Afghan torture victim

Dilawar (دلاور; born c. 1979 – 10 December 2002), also known as Dilawar of Yakubi, was an Afghan farmer and taxi driver who was tortured to death by US Army soldiers at the Parwan Detention Facility, which was at the time a US military detention center referred to as the “Parwan Collection Point,” in Afghanistan.

He arrived at the prison on 5 December 2002, and was declared dead five days later. His death was declared a homicide and was the subject of a major investigation by the US Army of abuses at the prison. It was prosecuted in the Bagram torture and prisoner abuse trials and no one was found guilty. The Academy award-winning documentary Taxi to the Dark Side (2007) focuses on the killing of Dilawar.

== Background ==
Dilawar was born to a Pashtun family native to Yakubi in the Khost Province of Afghanistan.

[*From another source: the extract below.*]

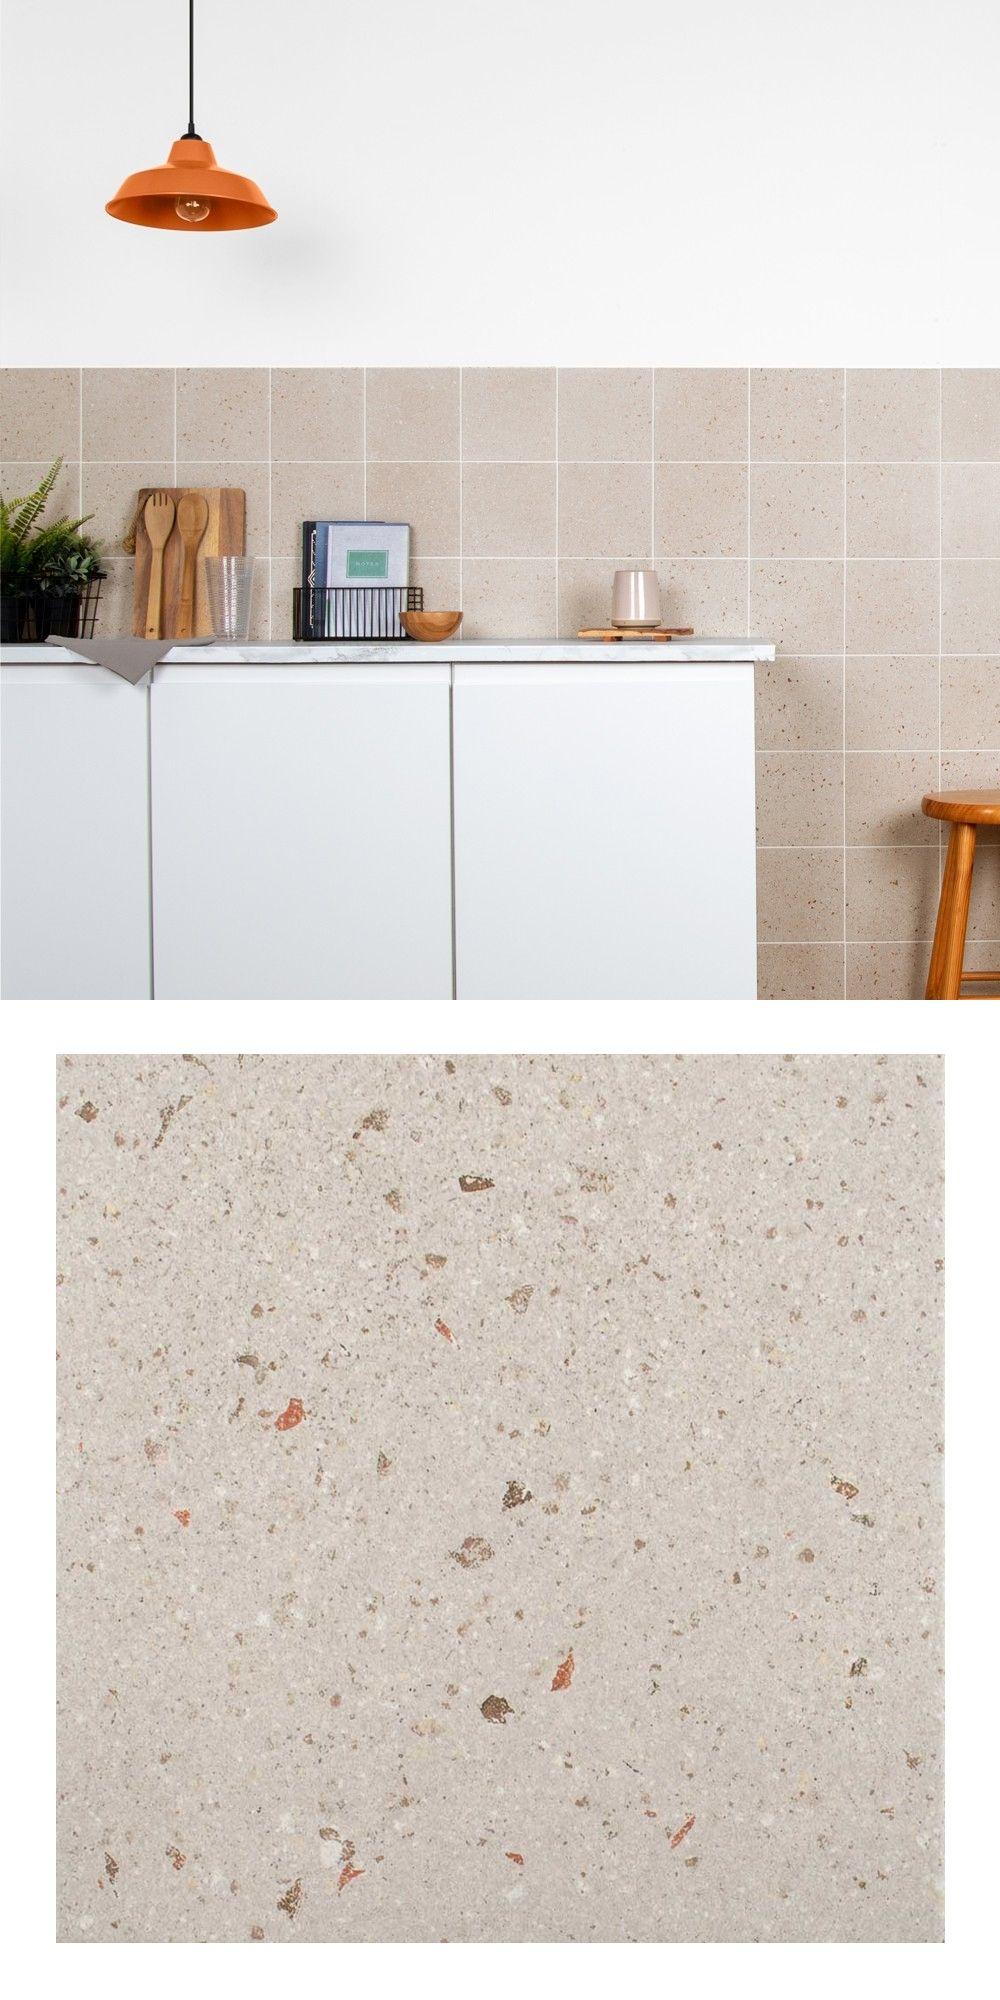 Dollymixx Beige Shroom Terrazzo Tiles in 2020 Terrazzo

Dilawar and his nine siblings were born in nearby Pakistan, where his parents had fled due to the Soviet–Afghan War. They earned a living through manual labor, with Dilawar's eldest brother Shapoor sending back money he earned as a migrant worker in Dubai's taxi and hotel industry. The family returned to Khost in 1996 following the establishment of the first Islamic Emirate of Afghanistan, purchasing a plot of land in Yakubi to grow corn, grain and peanuts. At age 17, Dilawar married in Khost and had a daughter. He subsequently worked as a goat shepherd for the livestock trading business of his brother Shapoor during the day and during the evenings, he collected rock from the nearby mountains to sell as building material.

Standing at 5 ft 9 in and weighing 122 lb, Dilawar was noted as having a weak physical constitution and did not leave the vicinity of his home since he was unable to grow a full beard in accordance with Taliban rules. In late 2002, Dilawar received a Toyota Corolla as a belated wedding gift from his brother Shapoor, who hoped that this would help Dilawar pursue less strenuous work. Dilawar had been a taxi driver for only a few weeks before his death.

== Arrest ==
On 1 December 2002, on Eid al-Fitr, Dilawar set off from Yakubi in his taxi. His mother had asked Dilawar to bring his three sisters back for a family dinner from their husbands' homes in nearby villages. As the car did not have enough fuel, Dilawar first set out for Khost city to earn a taxi fare to refill his gas tank. In Khost, Dilawar picked up three passengers: laborer Parkhudin, farmer Zakim Khan and baker Abdul Rahim, who were headed for Yakubi to join their families for Eid al-Fitr.

Around 15 minutes into their 45 minute drive, the taxi passed by Camp Salerno, which had been targeted by a rocket strike earlier in the morning. A few minutes later, the taxi was stopped at gunpoint on a desert road by guerrilla militiamen under the leadership of Jan Baz Khan. After forcing the occupants out of the car, the militia group searched the vehicle, recovering an electric stabilizer from the trunk. According to Dilawar's family, the stabilizer did not belong to them since they had no electricity at their home. The militiamen were unfamiliar with the electrical device and believed it was related to the earlier rocket attack on the American camp. A search of Parkhudin yielded phone numbers from his employment in Dubai and Pakistan, as well as a broken walkie-talkie, which Parkhudin said was related to his association with U.S. forces, though he did not carry documents relating to this on his person at the time. The four men were detained as potential al-Qaeda associates and named as suspects in the rocket attack on Camp Salerno. It was later found that Jan Baz Khan may have staged the Camp Salerno attack and ordered the arrest of uninvolved citizens to gain favor and financial compensation from the American military.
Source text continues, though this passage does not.